== Your task ==
Output the complete listing exactly, please, and keep the pictures out of it.
(Beginning of Data provided)
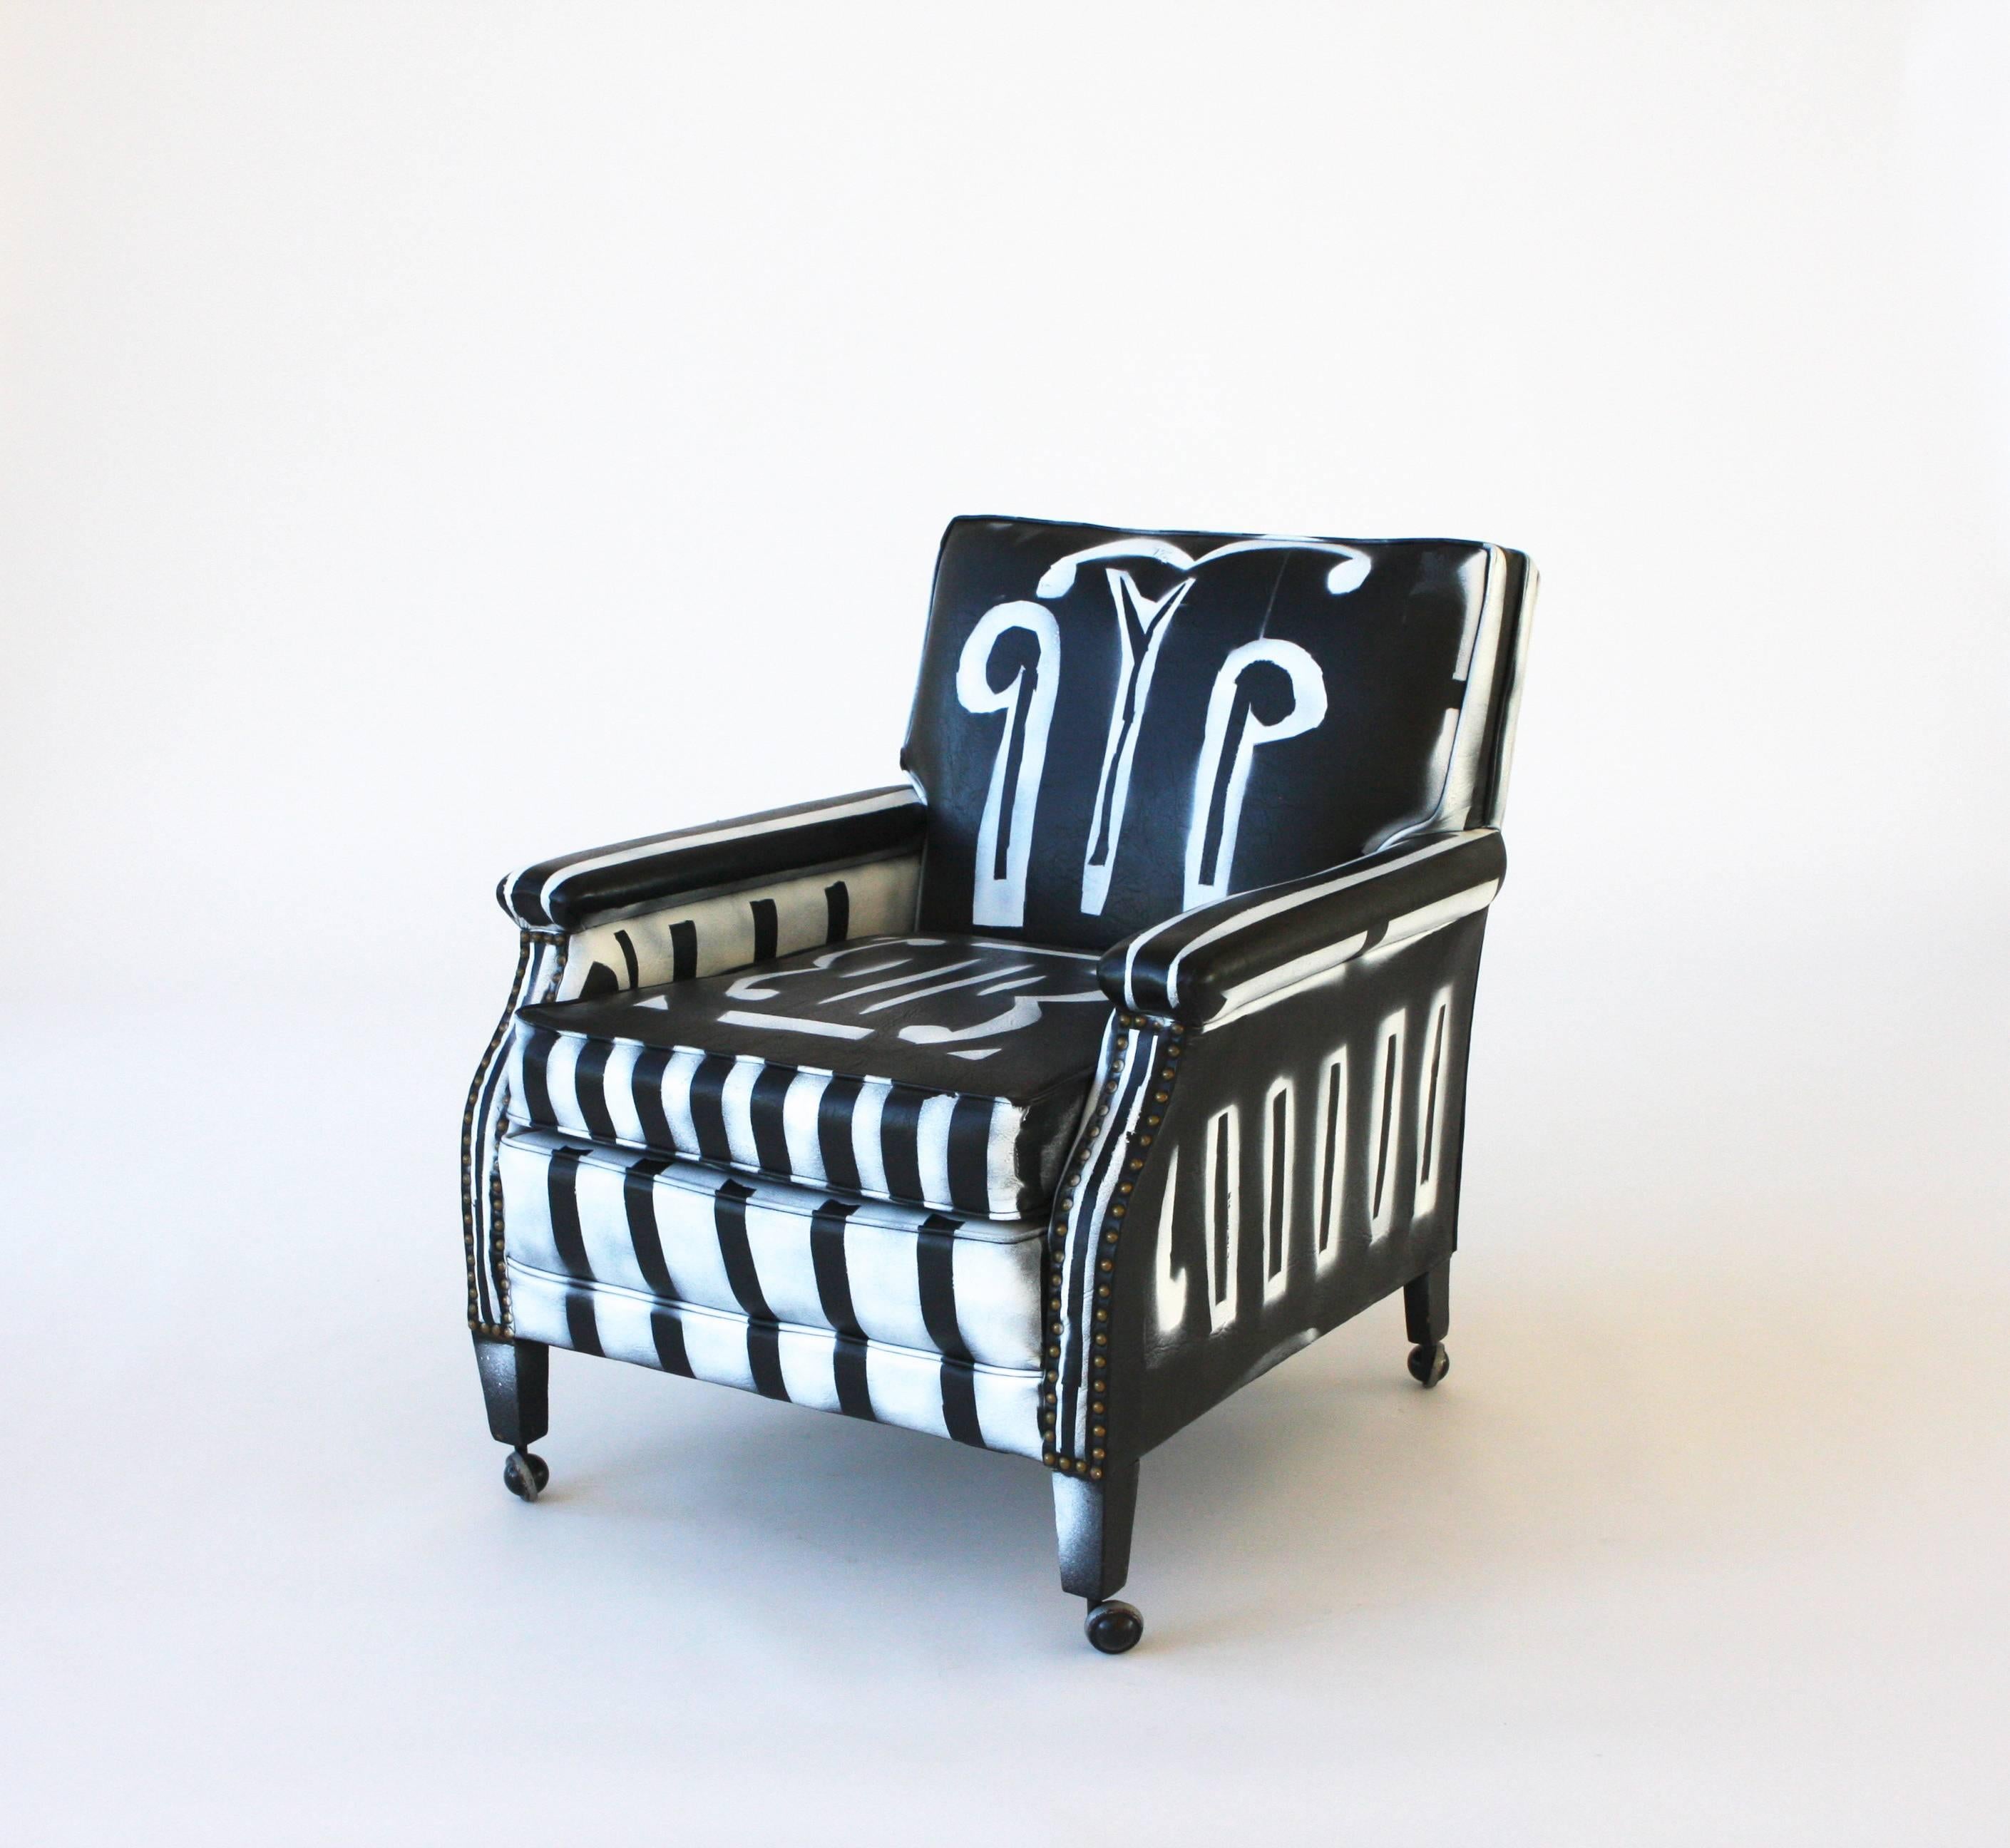 Vintage club chair on casters, black faux leather, hand painted by artist Kim MacConnel.

Kim MaConnel is a southern California based artist who was influential in the seminal Pattern and Decoration Movement of the 1970s and 80s which sought to
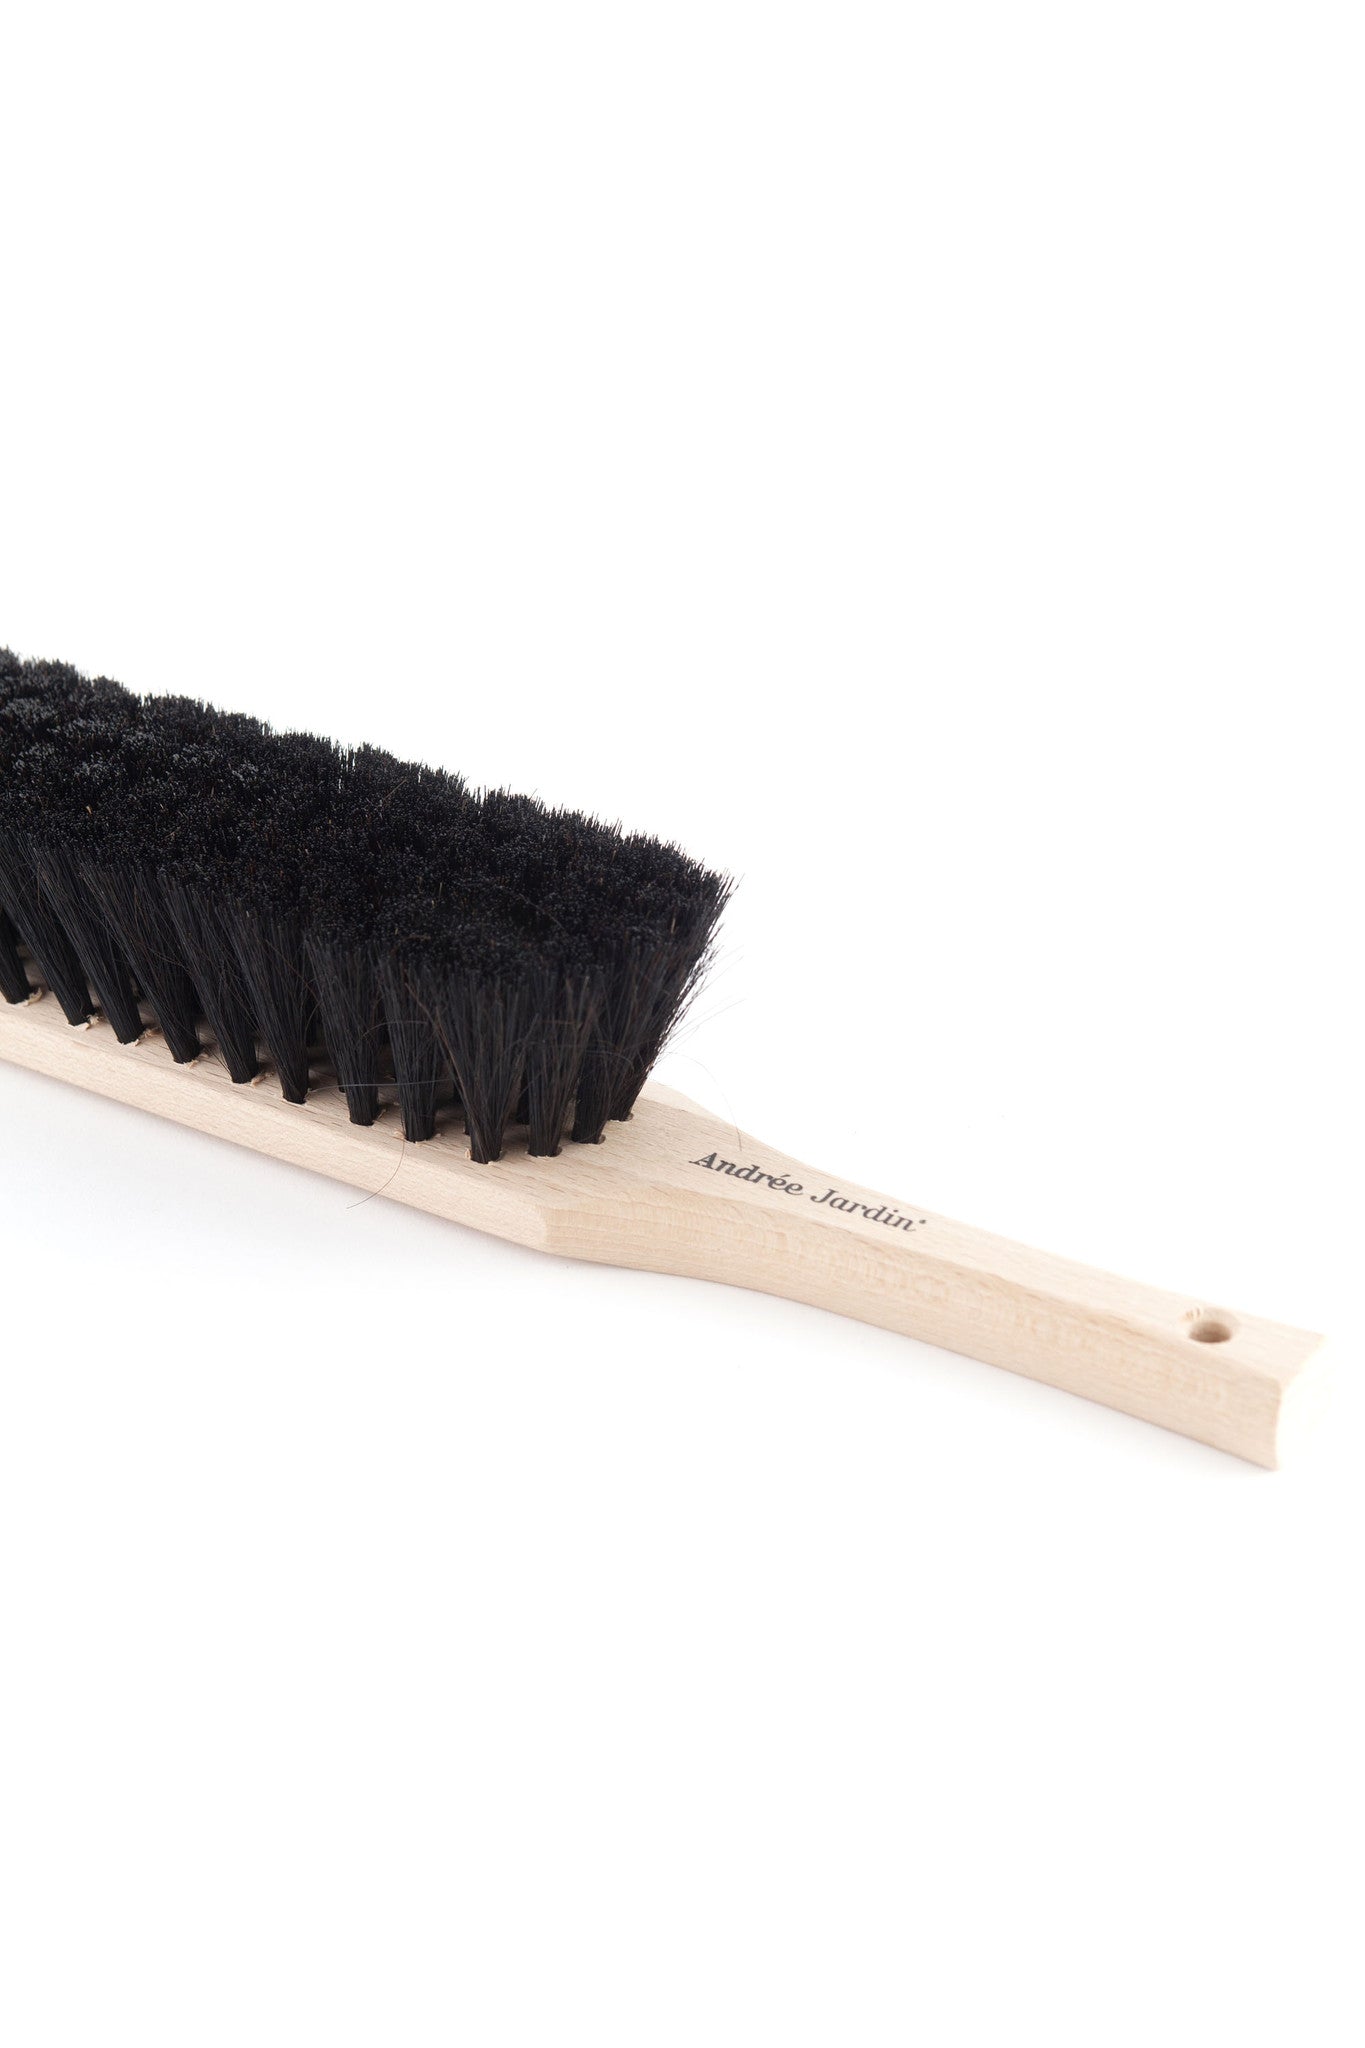 Andrée Jardin Tradition Beech Wood Handled Brush Utilities Andrée Jardin Andrée Jardin Back in stock Brand_Andrée Jardin Home_Broom Sets Home_Household Cleaning Summer Clean Up 5300-1302_B
(End of Data provided)
== Answer section ==
 Vintage club chair on casters, black faux leather, hand painted by artist Kim MacConnel.

Kim MaConnel is a southern California based artist who was influential in the seminal Pattern and Decoration Movement of the 1970s and 80s which sought to
 Andrée Jardin Tradition Beech Wood Handled Brush Utilities Andrée Jardin Andrée Jardin Back in stock Brand_Andrée Jardin Home_Broom Sets Home_Household Cleaning Summer Clean Up 5300-1302_B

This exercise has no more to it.